The year 2020 was one for the books. It tested us, challenged us and opened us out to new experiences. If you told 2019 you that you’d spend the better part of the next year taking dance classes in your living room and poring over the starter for yet another sourdough your waistline doesn’t need, you’d think you were nuts.
On a greater scale, we saw the impacts of 2020 play out in our news headlines. Those weird at-home workouts and virtual trips to the local zoo? We told you about them, along with the balcony parties people were throwing and the ever-changing mandates surrounding masks, curfews and the like. Some stories were well-received while others were welcomed with surprise and uncertainty—like much of the year itself. We thank the readers who joined us on this weird and wild journey that was news in 2020 and invite you—if you dare—to take a look back at the stories that resonated the most.
When faced with the cancelation of Ultra Music Festival 2020 and Miami Music Week, the city’s high-rise denizens took to their balconies to rave. Full-on parties with DJs and police security went down in Edgewater, Downtown and Brickell this past March and April—and the videos are incredible. Like one DJ said during a live poolside set said: "they can keep us inside, but they can’t keep us from dancing." And dance they did.
Talk about heartbreak. This year pummeled the hospitality industry, forcing a number of Miami’s top restaurants and bars to close for good. Their loss left a gaping hole in the local food and drink community, from the newbies to the stalwarts and the beloved eateries in between. With every shocking update, our readers mourned with us and shared in our upset of all the places we won’t be able to revisit in 2021.
While Miami hosts its annual parade in April, June was National Pride Month and we joined our fellow Time Out cities around the world to celebrate online. We came together for the first-ever virtual pride. Rather than host a march or shablams IRL, we chose to highlight the fabulous people thriving online and their contributions to culture through innovative virtual and socially-distanced creations. To the queens who kept us entertained with drag shows on Instagram and the divas who did their thing on other platforms and everyone else who championed the LGBTQ community from home, we thank you.
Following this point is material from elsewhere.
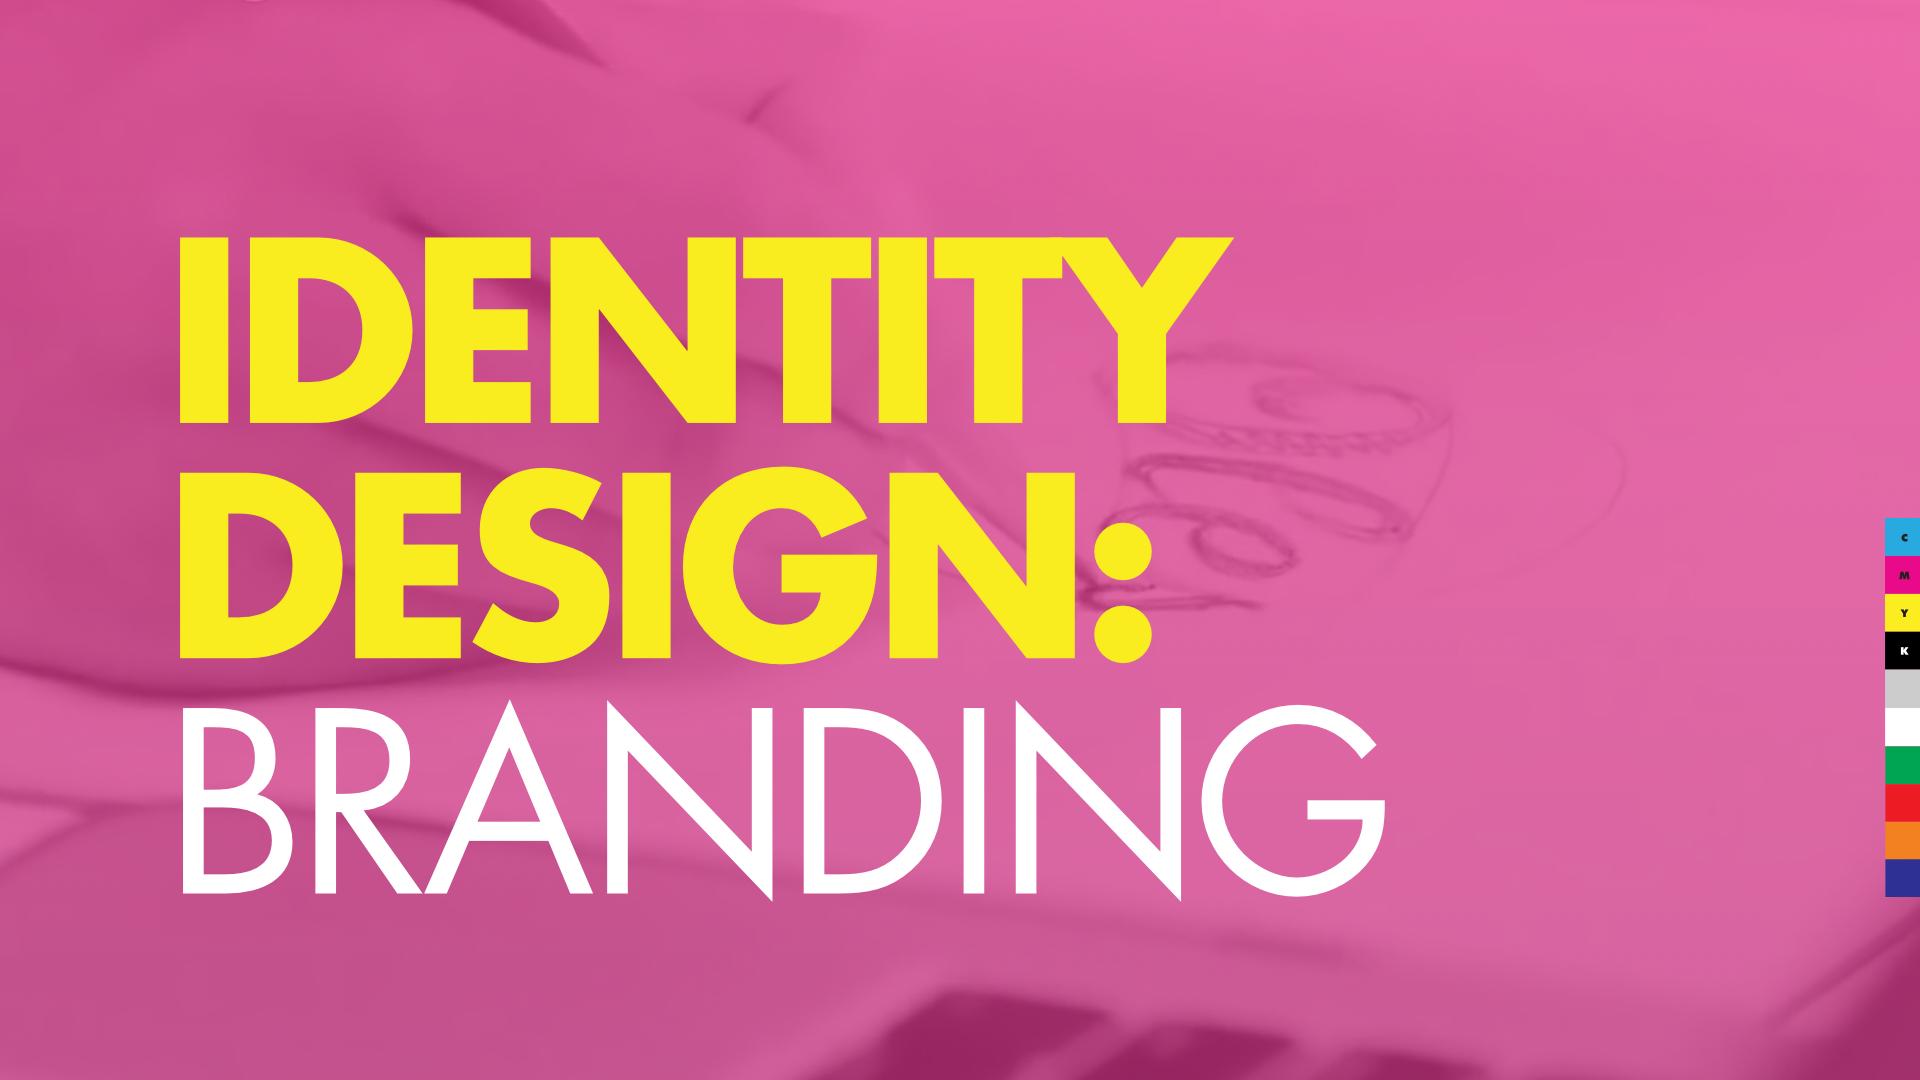 身份设计:品牌

Even in the age of Amazon, Miamians were itching to get back out there to shop in person. So when former Mayor Gimenez announced he’d be reopening malls, our editors sifted through the county orders to give you the low-down on what the new normal of shopping would look like. From hours and restrictions to whether or not folks were required to wear a mask, our story had everything you needed to know to get back out there safely.
We weren’t doing a lot of socializing this year, but our readers were interested in how to best navigate the city once we were allowed out. This oldy-but-goody guide to Miami’s best and weirdest slang struck a chord with people who still need help deciding whether they should laugh, gasp or run during their next conversation with a local.
In July, Miami Beach Mayor Dan Gelber revealed a proposal that would transform the city’s entertainment district into an arts and culture hub. The mixed-use entertainment district (MXE for short) had not been on brand with the image fostered elsewhere in the city, as South Beach became a “beachfront Bourbon Street, where too many people go to do things they would never do in their own homes,” said Mayor Gelber. Even when clubs weren’t open, readers couldn’t handle the possibility of South Beach’s iconic nightlife going away forever, bemoaning its end on social media and clicking away at this piece.
Empty streets and desolate malls were a sign of the times back in March when this story was published. As we hunkered down indoors, cozied up to the bottle of wine we just had delivered and practice safe social-distancing, Miami’s busiest places were practical ghost towns. The images were stark but not sad: Vacant streets proved that Miamians were taking the threat of lockdown seriously, and that should make us all proud.
Back in July, we were highly anticipating the arrival of a delightful floating cinema on the Miami River. The pop-up float-in was to have individual vessels for small groups of up to eight people, a giant projection screen and free popcorn courtesy of the organizers, which hailed from Australia. Sadly, the float-in never happened and Miamians looking to get their fill of outdoor cinemas headed to the drive-in instead.
In May, Miami was under siege by heavy downpours that resulted in flash-flood warnings across most of the city. It was so wet, in fact, that Miami shattered its 115-year-old record of 3.5 inches of rain set back in 1905. The rain tapered off but the worst wasn’t behind us: Miami broke the record one week before entering a very busy 2020 hurricane season.
People were very interested in taking a granular look at how coronavirus was impacting Miami. And thanks to this handy digital dashboard, everyone was tracking COVID-19 cases across the state using the latest data from the Florida Department of Health, Division of Disease Control and Health Protection. It’s hard to believe that we were, at one point, so consumed with finding out the latest numbers when now our brains are heavy with information on all things vaccines.